In contrast to the striking loss of interhemispheric connectivity along the medial longitudinal fissure, the cerebral peduncle, a cortical-originating tract that crosses the midline within the brainstem, was unaffected (Fig. 5B). Likewise, Itsn1 mutants did not differ from WT or Itsn2−/− animals in any of the noncortical tracts examined: cerebellar peduncle, trigeminal cranial nerve, and optic tract (Fig. 5B). Thus, Itsn1 is required for formation of cortically originating tracts along the medial longitudinal fissure, but dispensable for tracts crossing outside the cortex, regardless of whether fibers originate from noncortical or cortical regions.

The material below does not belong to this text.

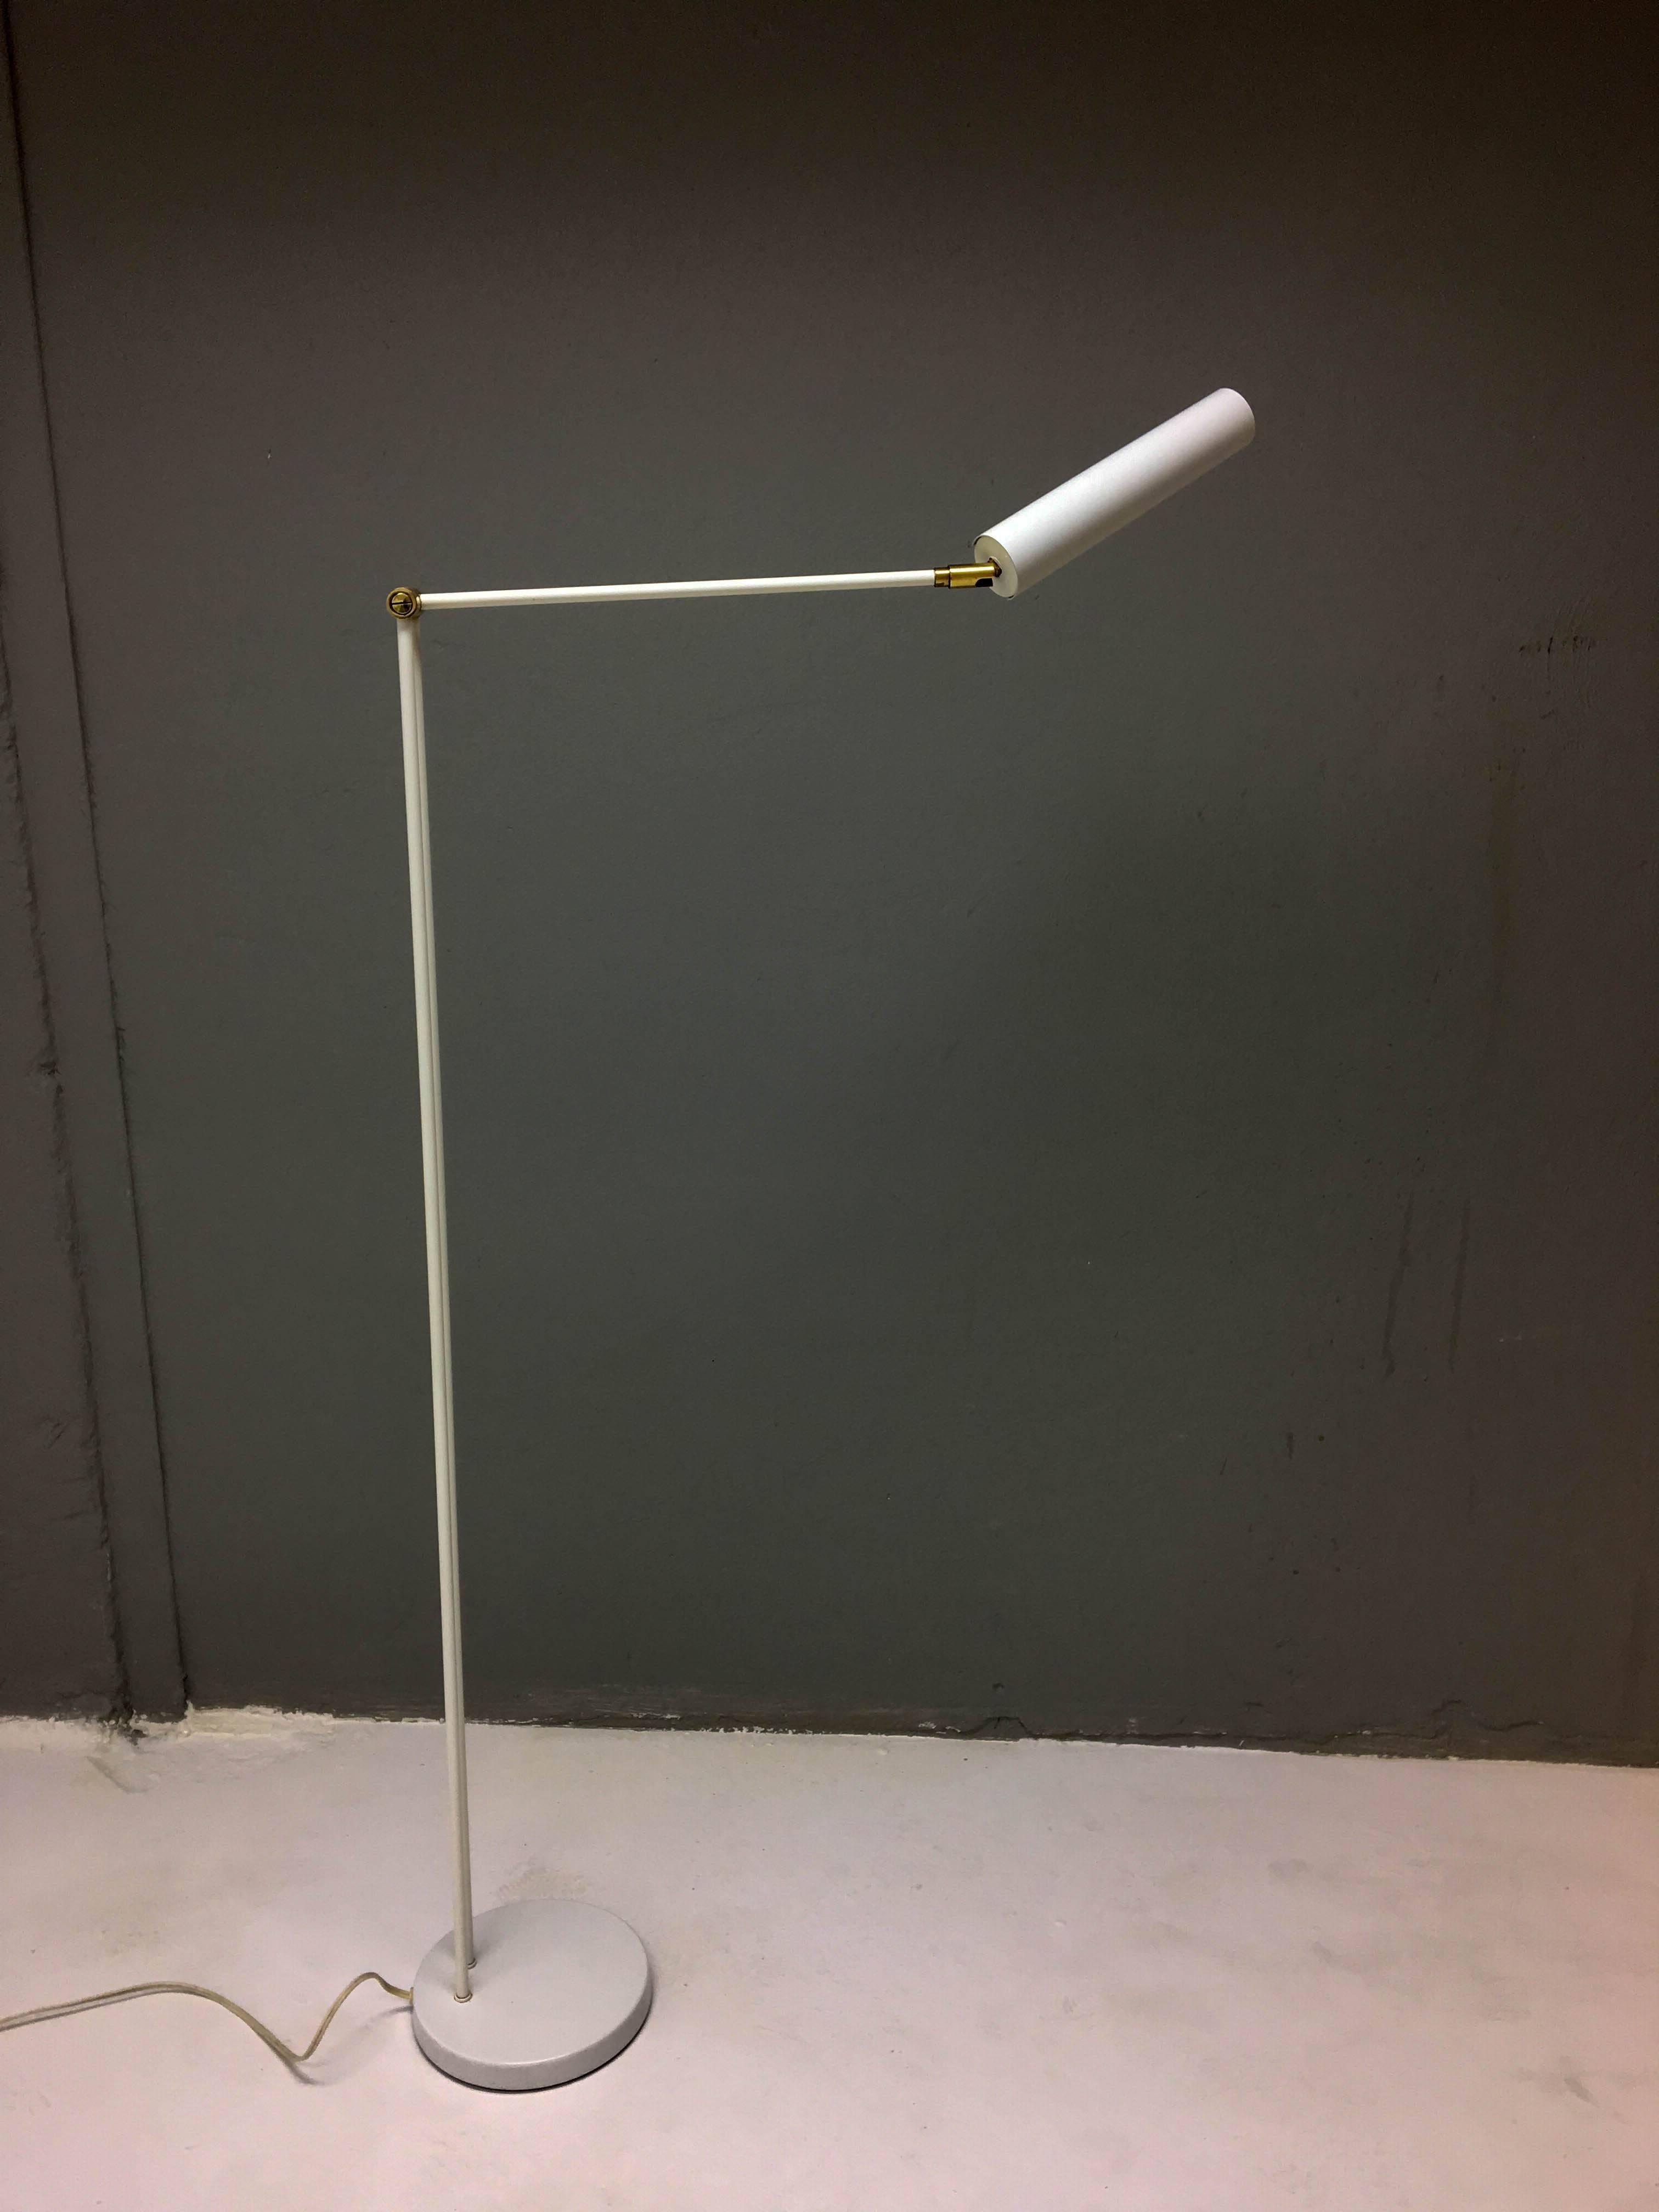 Elegant Koch & Lowy OMI floor standing reading lamp in white and brass, 1970s. Very rare model.

Mutation of Itsn1 results in impaired learning and memory

A lack of midline corpus callosum could well affect neuronal function. To begin to analyze CNS function, we tested for bimanual motor coordination using the grid test—a task requiring a high degree of left-right proficiency (Tillerson and Miller, 2003; Mueller et al., 2009). Homozygous Itsn1 mutant mice (Itsn1Gt/Gt or Itsn1Gt/GtItsn2−/− genotypes) displayed a significantly higher number of paw slips compared with WT mice in the grid test, indicating impaired bimanual motor coordination (Fig. 6A). Although Itsn2−/− performed no differently from WT, Itsn1Gt/Gt Itsn2−/− mice performed significantly worse than Itsn1Gt/Gt animals (Fig. 6A). Thus, Itsn1 is required for formation of the midline corpus callosum. Although Itsn2 is not required for proper development of the corpus callosum, absence of Itsn2 does lead to decreased bimanual coordination, when combined with lack of Itsn1.

Figure 6.

Figure 6.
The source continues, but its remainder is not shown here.